PROVIDED DATA Start Marker

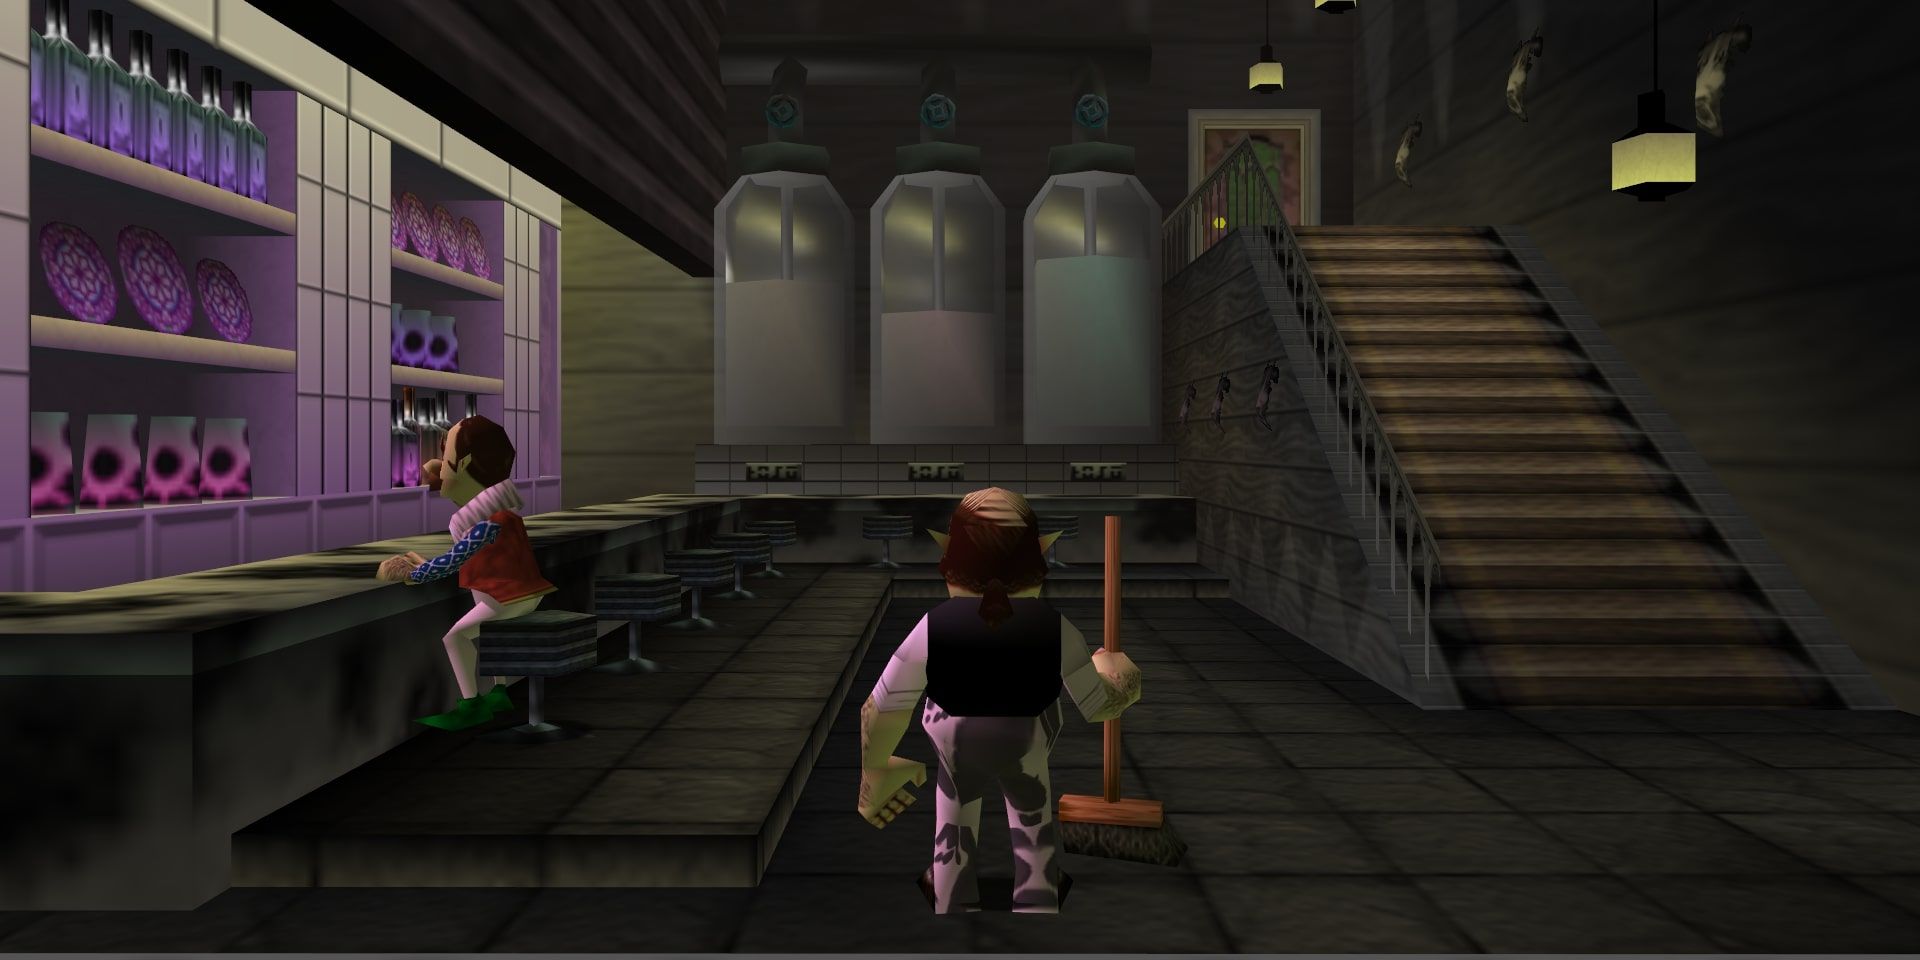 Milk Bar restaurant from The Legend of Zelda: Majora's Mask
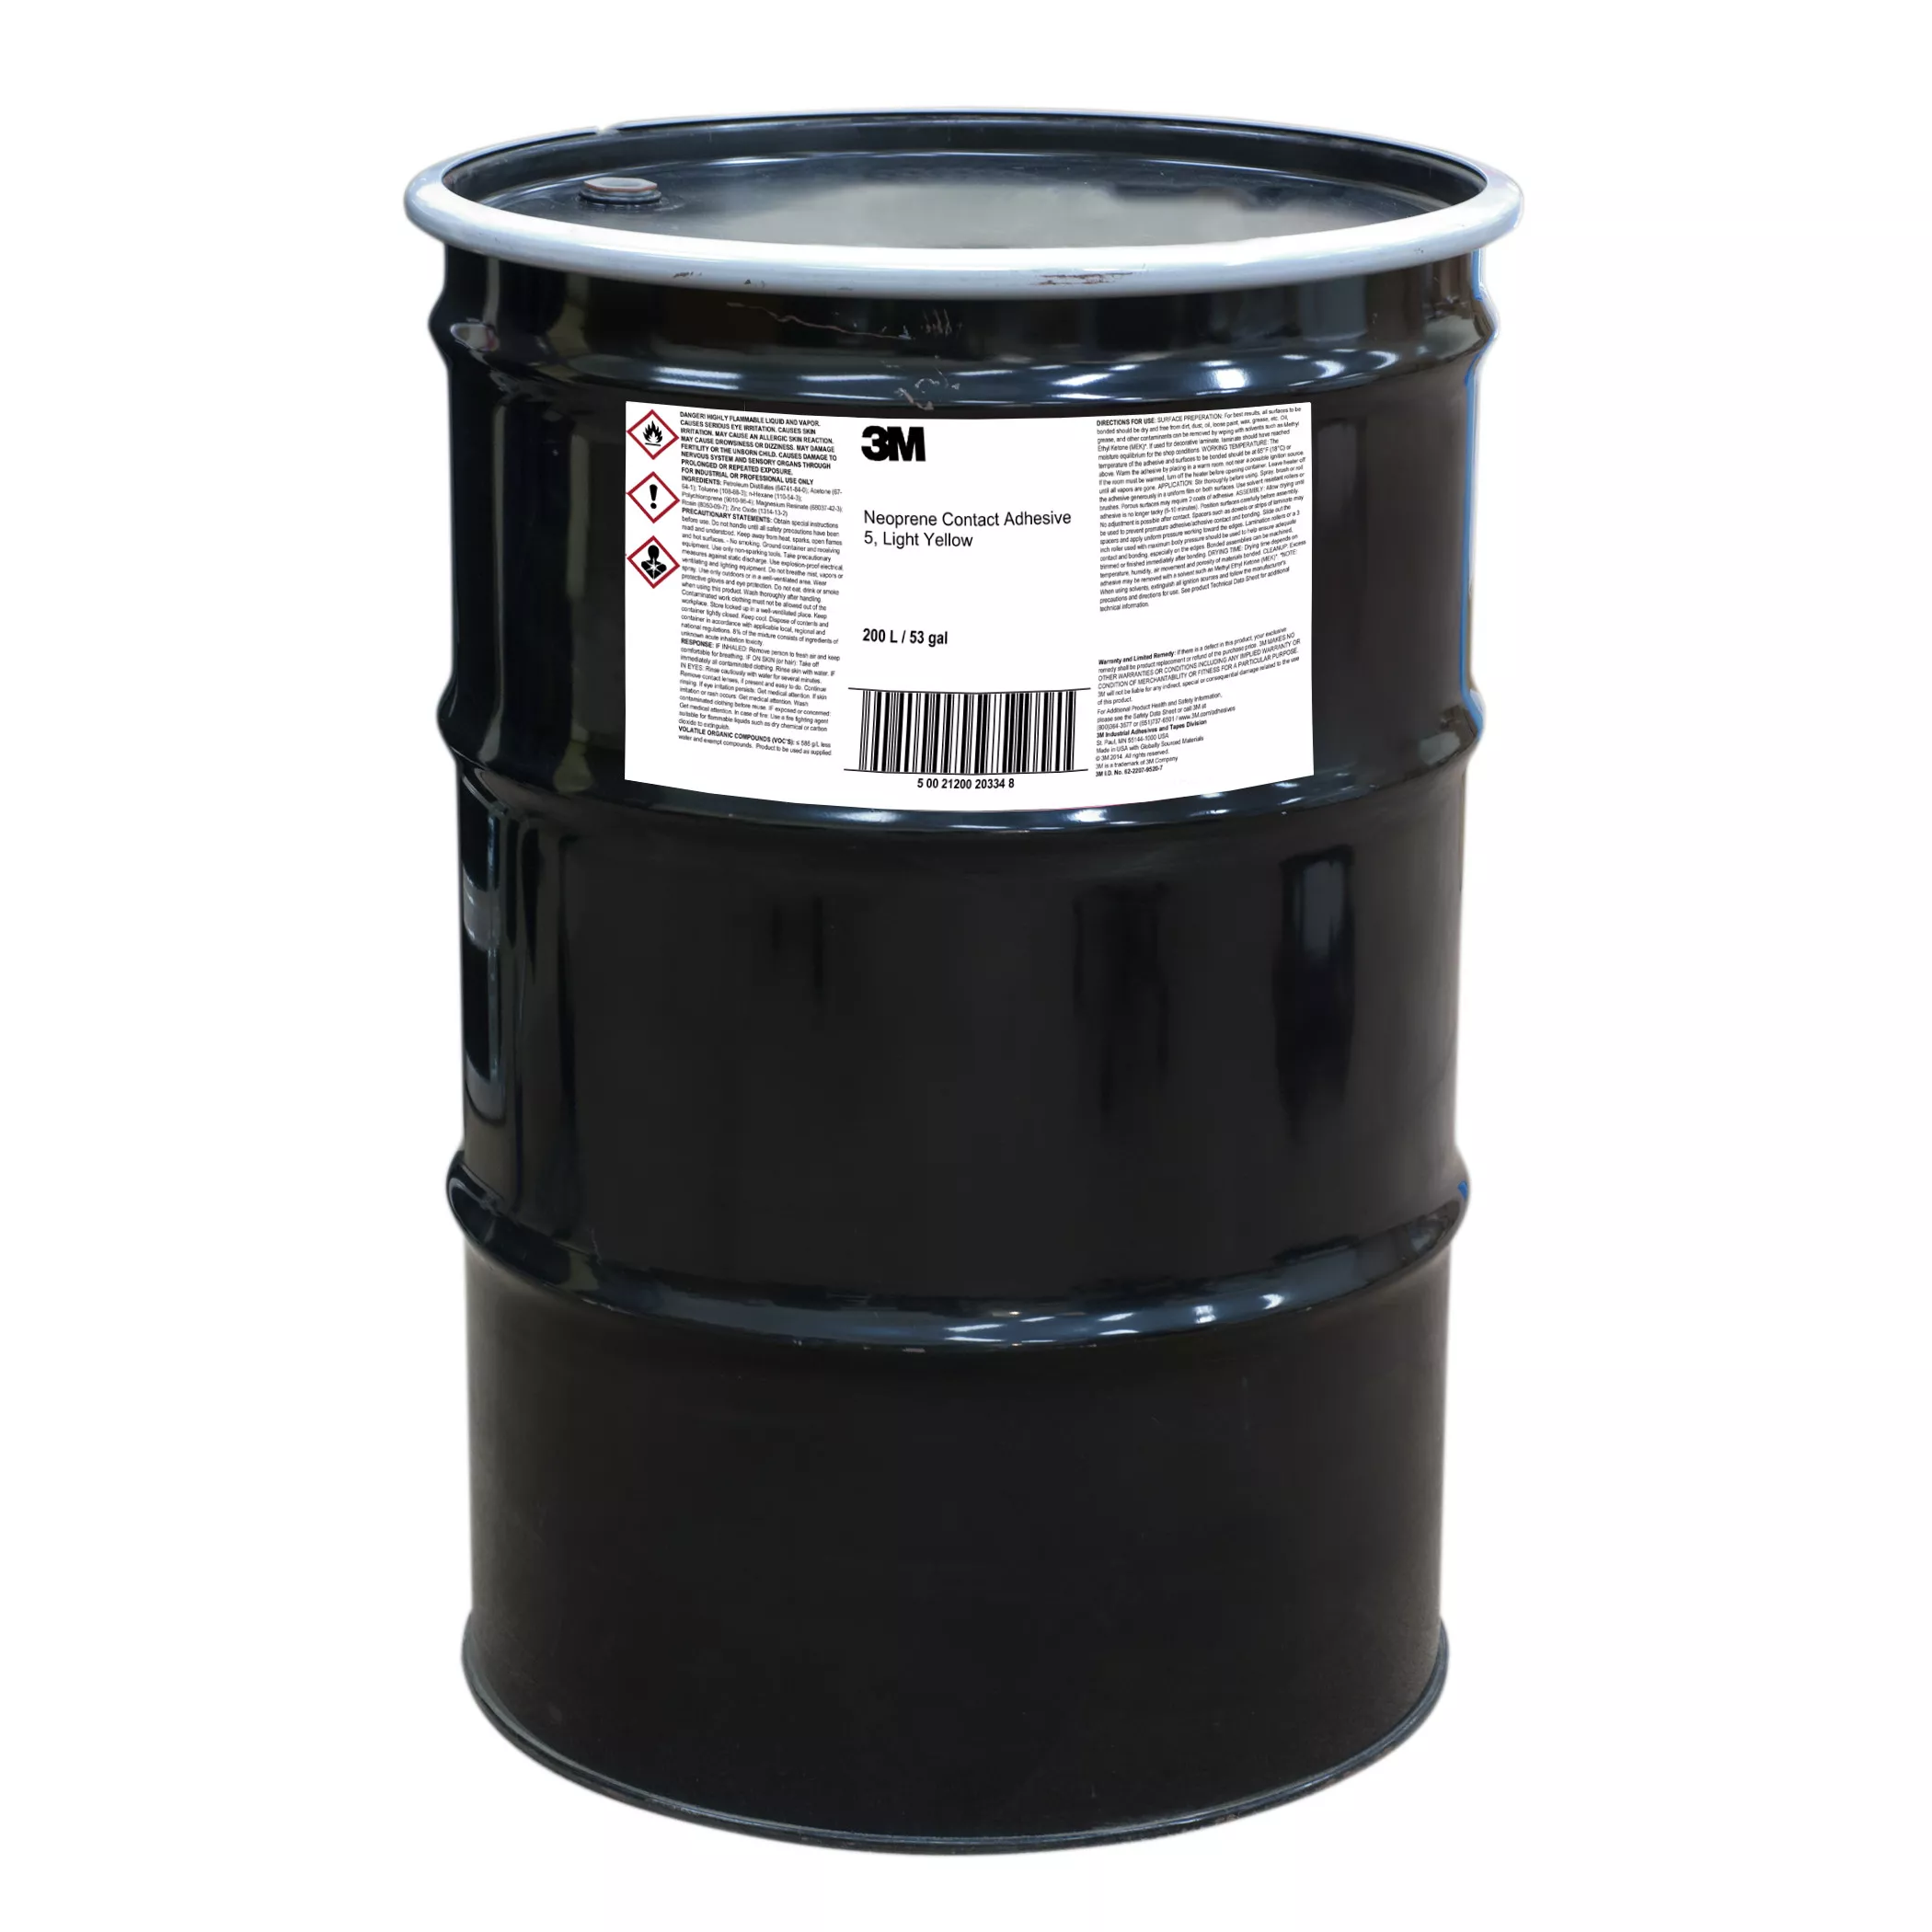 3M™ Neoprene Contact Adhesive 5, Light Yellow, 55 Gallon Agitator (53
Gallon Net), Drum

PROVIDED DATA End Marker

Word for word, retype the lines from the one with "3M™ Neoprene Contact" through the final line of the data, both included. No pictures belong in the copy.

**RESPONSE AREA:**
 3M™ Neoprene Contact Adhesive 5, Light Yellow, 55 Gallon Agitator (53
Gallon Net), Drum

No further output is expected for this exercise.